The ideal candidate has:
  • 3-5 years of experience in Software Engineering or Site Reliability Engineering, with at least 2-3 years specifically in Site Reliability Engineering
  • Demonstrated expertise in designing, securing, and managing scalable infrastructure in the AWS ecosystem
  • Proficiency in Infrastructure-as-Code (IaC) tools, preferably Terraform
  • Strong analytical and problem-solving skills, with the ability to work independently and as part of a team
  • Familiarity with Node.js (preferred) and/or PHP in a professional environment
  • Familiarity with MariaDB, PostgreSQL, Redis, Apache, and nginx or similar technologies
  • Prior full-stack or backend software engineering experience is strongly preferred

Why Join AoPS:
This is a hybrid full-time position based at our headquarters in San Diego, CA. The full salary range for this position is 132k-165k with a 6% year-end bonus.
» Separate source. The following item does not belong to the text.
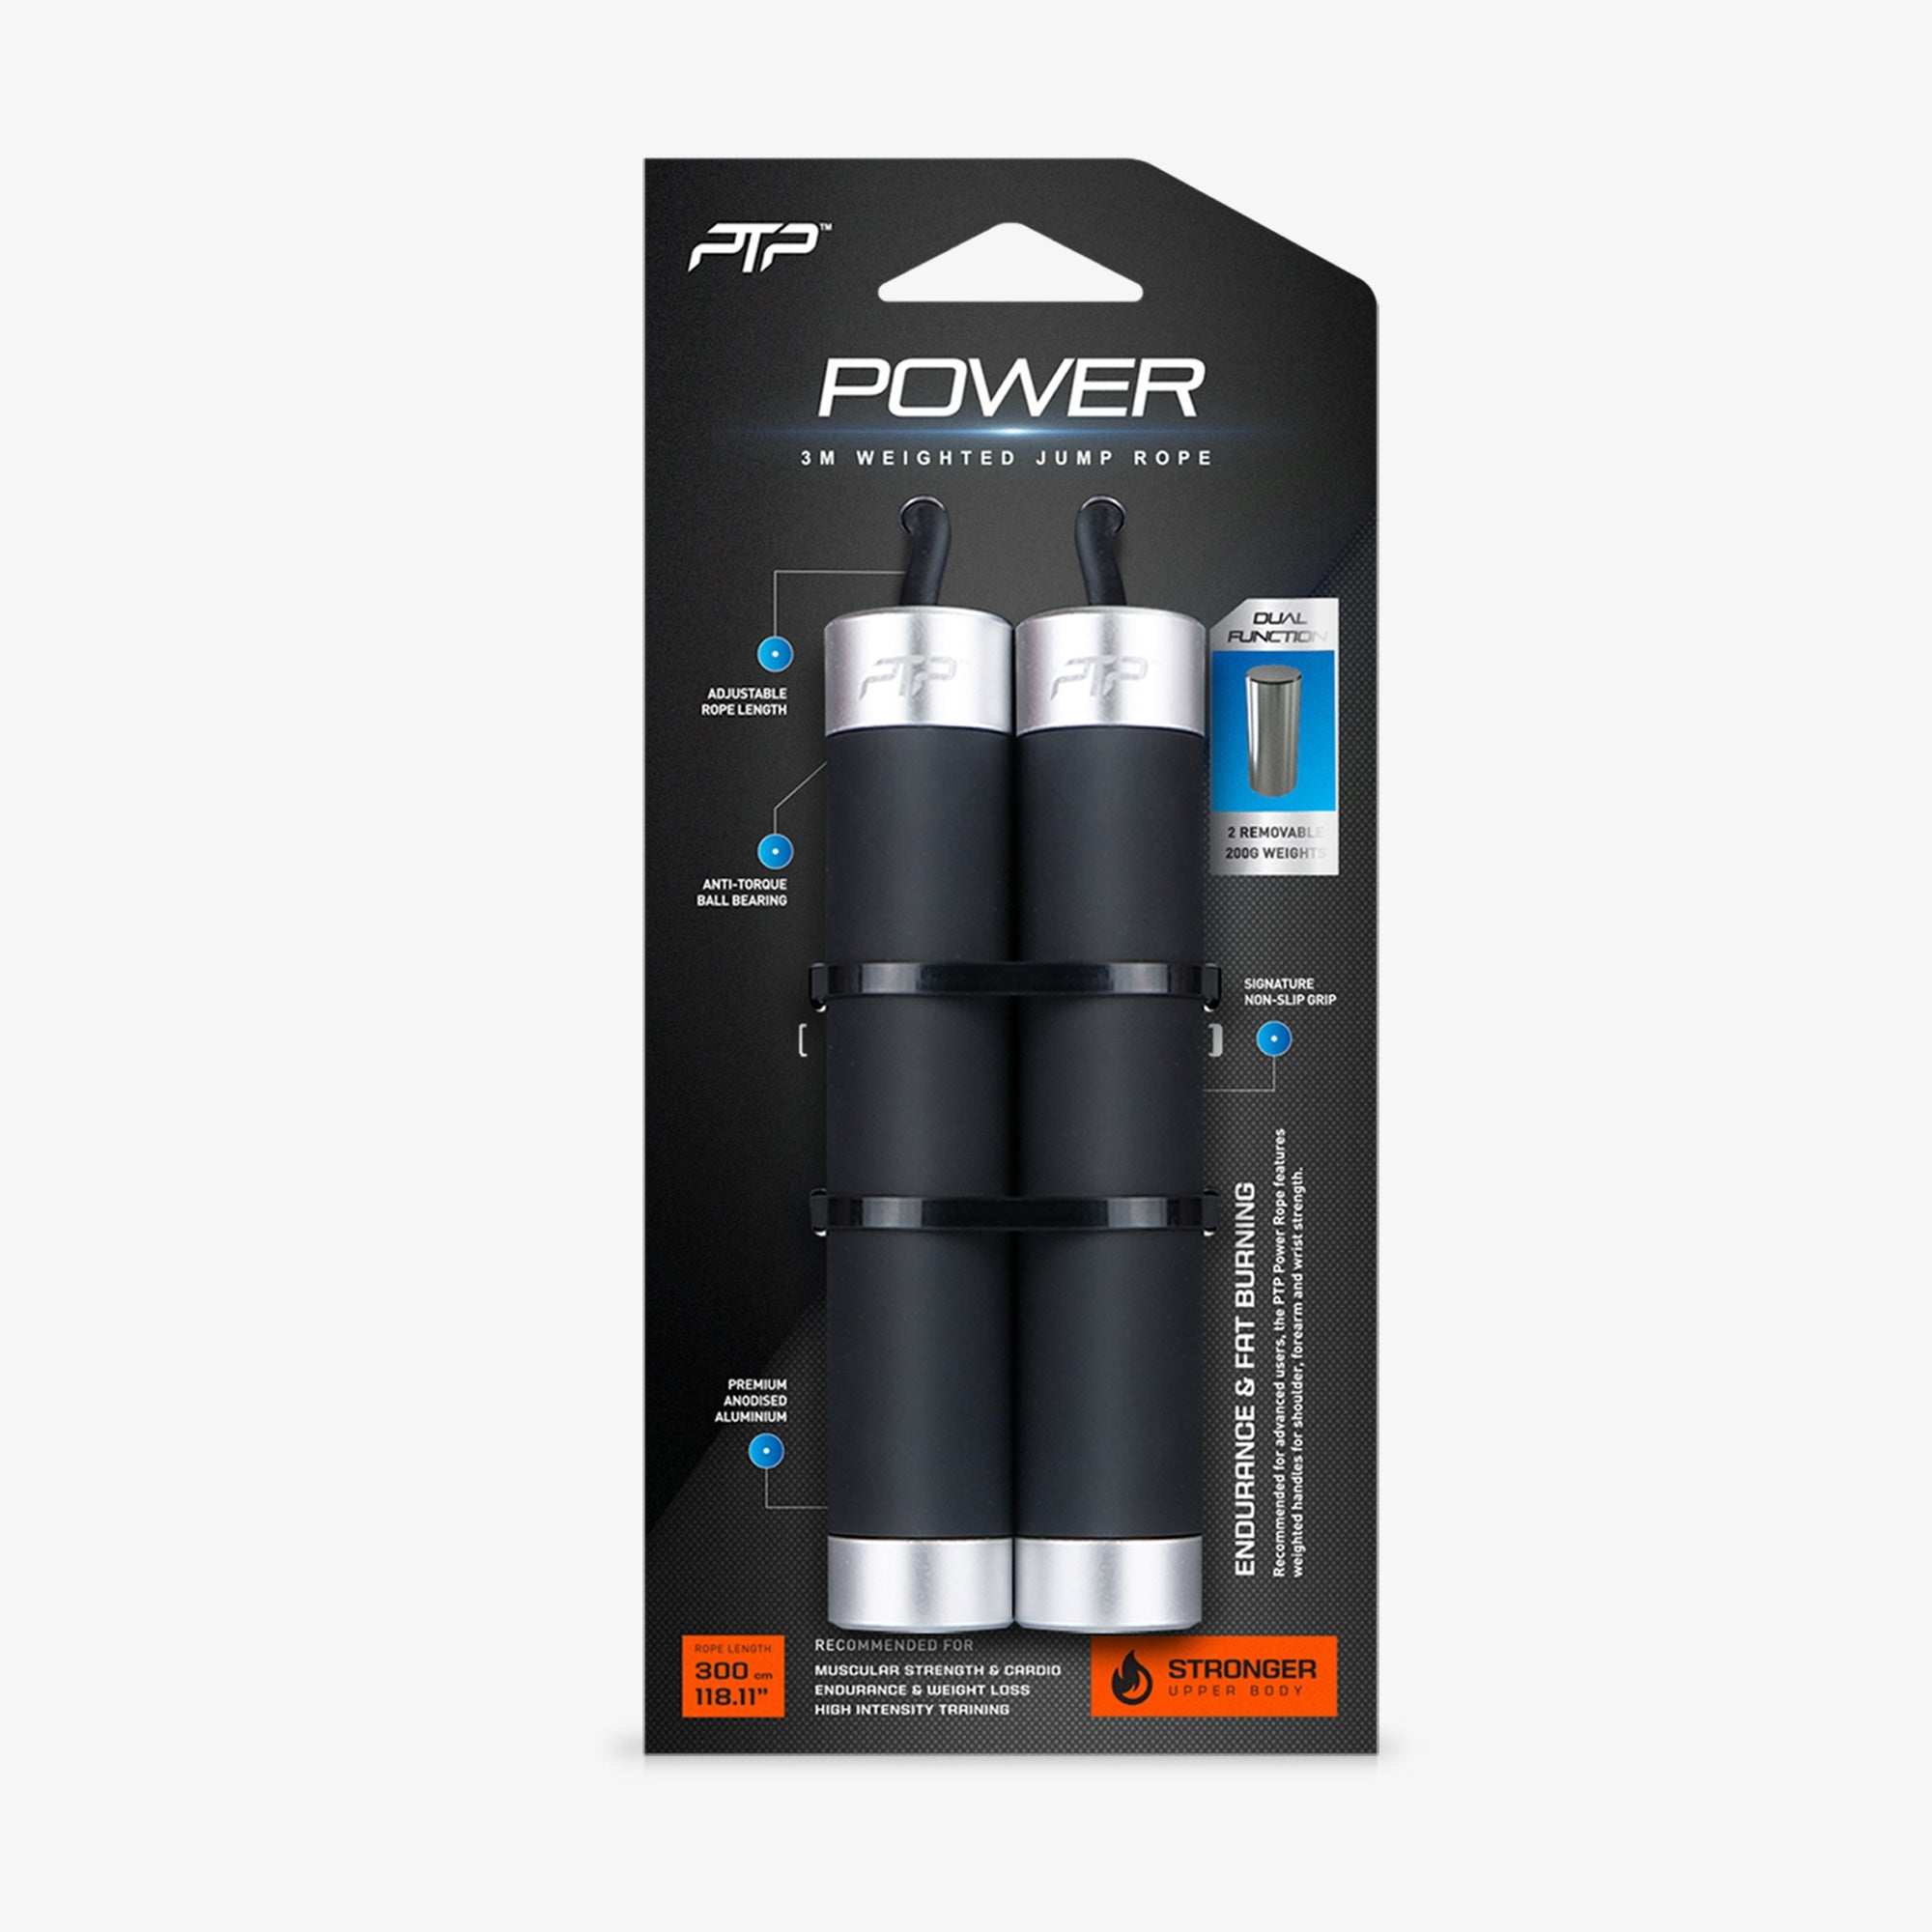 PTP Power Rope | Weighted Skipping Rope for Experienced Jumpers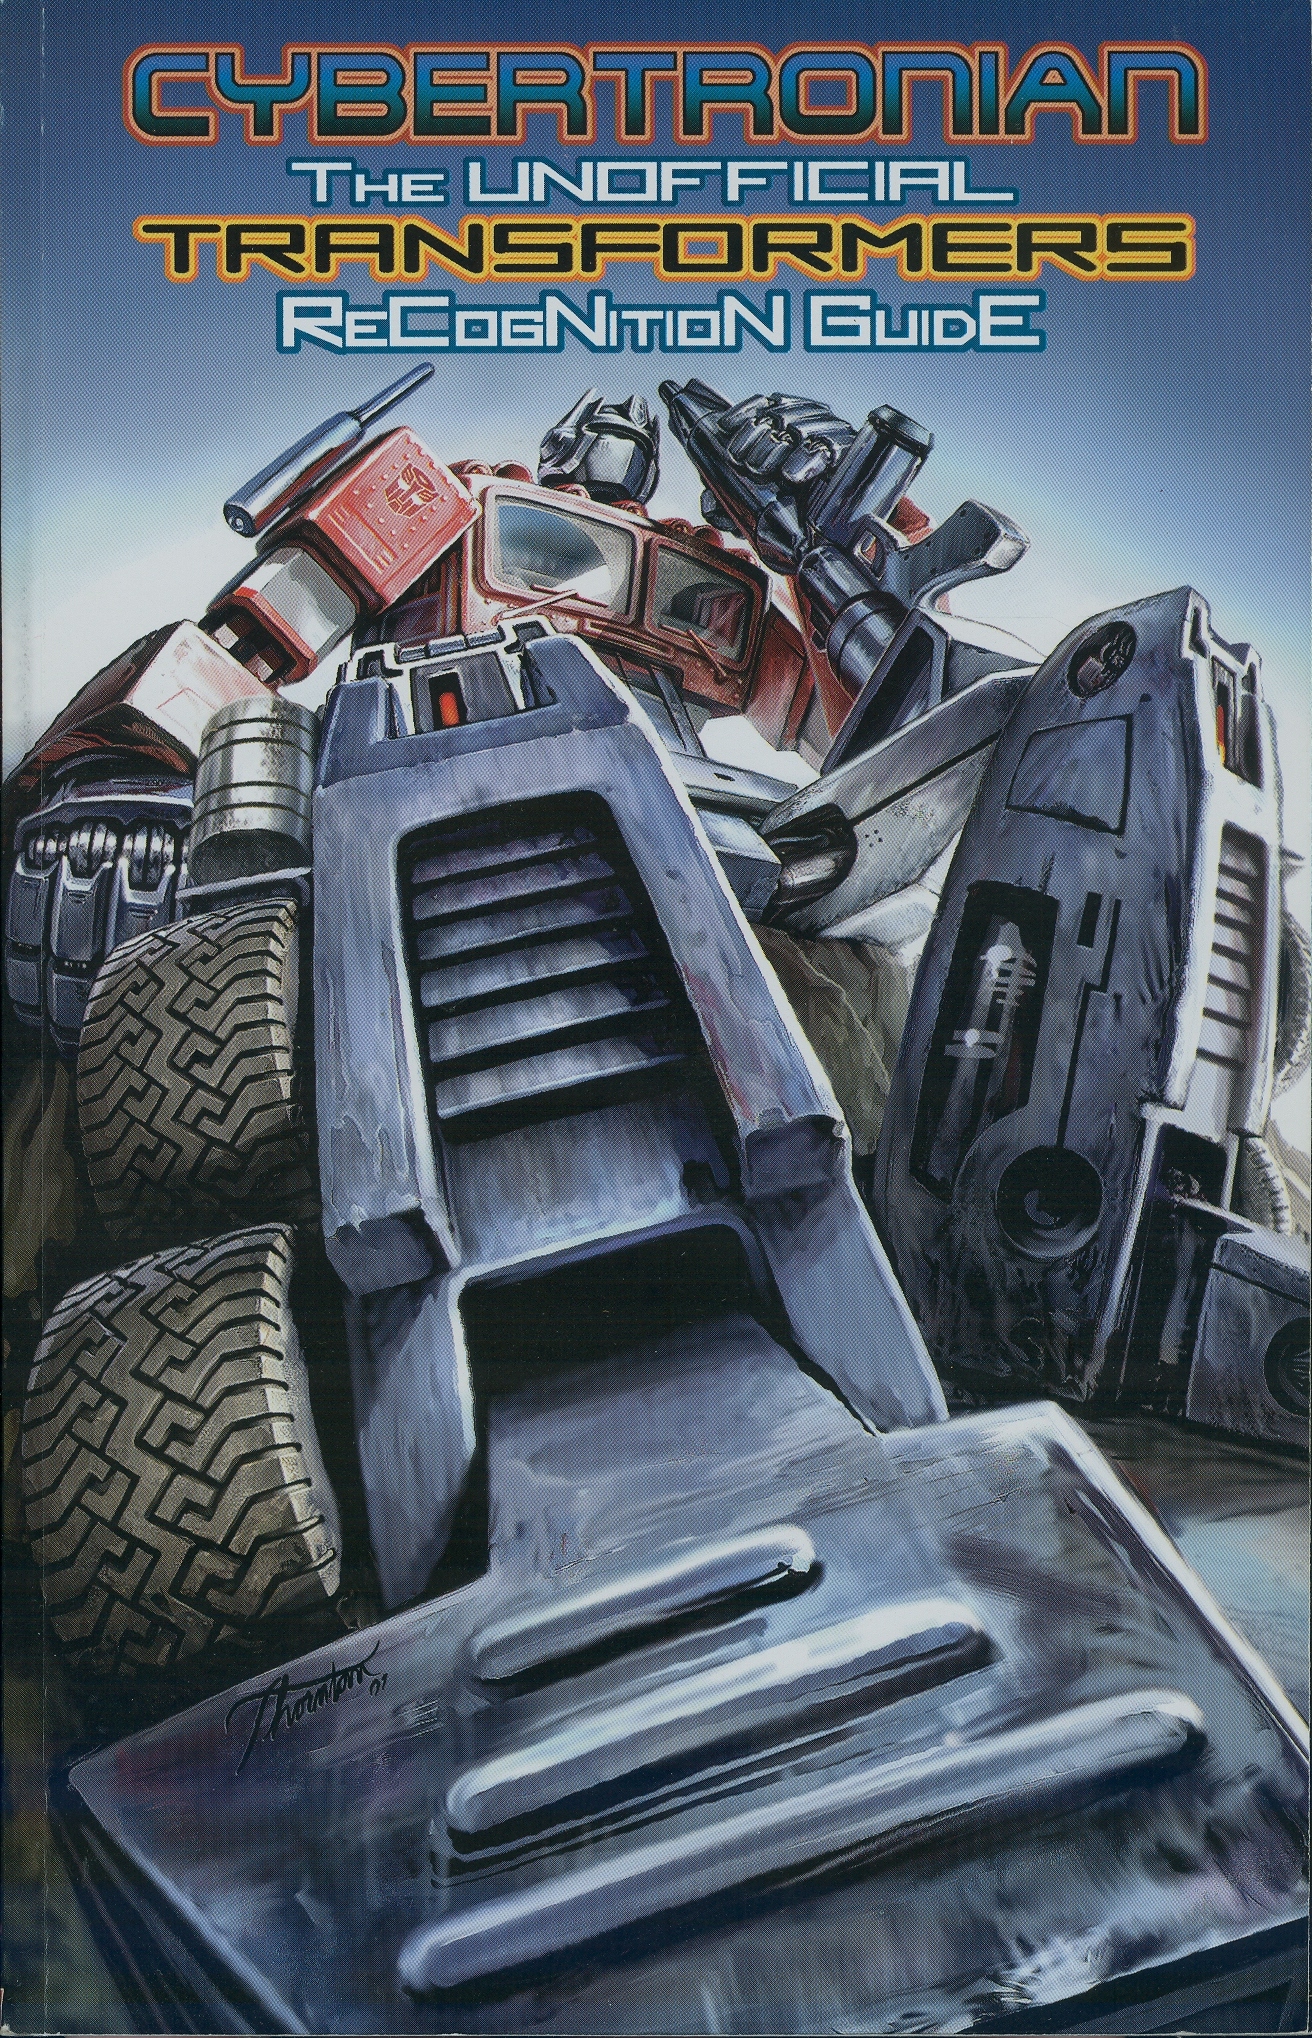 Read online Cybertronian: An Unofficial Transformers Recognition Guide comic -  Issue #2 - 1

Here are some things you can look forward to:
  • Impact: Your work will directly support the learning experience of hundreds of thousands of students worldwide, ensuring our educational platforms remain reliable, fast, and secure for the next generation of problem solvers.
  • Culture: Work and collaborate with an organization filled with builders and life-long learners who strive to discover, inspire, and train the great problem solvers of the next generation
  • Flexibility: Casual work environment with a hybrid work week and flexible scheduling
  • Benefits: Multiple options for Medical, Dental and Vision plans
  • Future Planning: 401K with company match
  • Quality of Life: PTO Plan and supportive leadership that gives you the work-life balance you deserve
  • Ease of Transition: Relocation bonus (if currently located outside of San Diego)

Background Check:
Please note that employment is contingent on the successful completion of a background check.

Work Authorization:
Please note that in order to be considered for this position you must be legally authorized to work in the US. We are unable to offer sponsorship, including STEM-OPT and H-1B.

About AoPS:
Art of Problem Solving (AoPS) is on a mission to discover, inspire, and train the great problem solvers of the next generation. Since 2003, we have trained hundreds of thousands of the country's top students, including nearly all the members of the US International Math Olympiad team, through our online school, in-person academies, textbooks, and online learning systems. While our primary focus has been math for most of our history, through the years we have expanded our unique problem solving curriculum into more subjects, such as language arts, science, and computer science.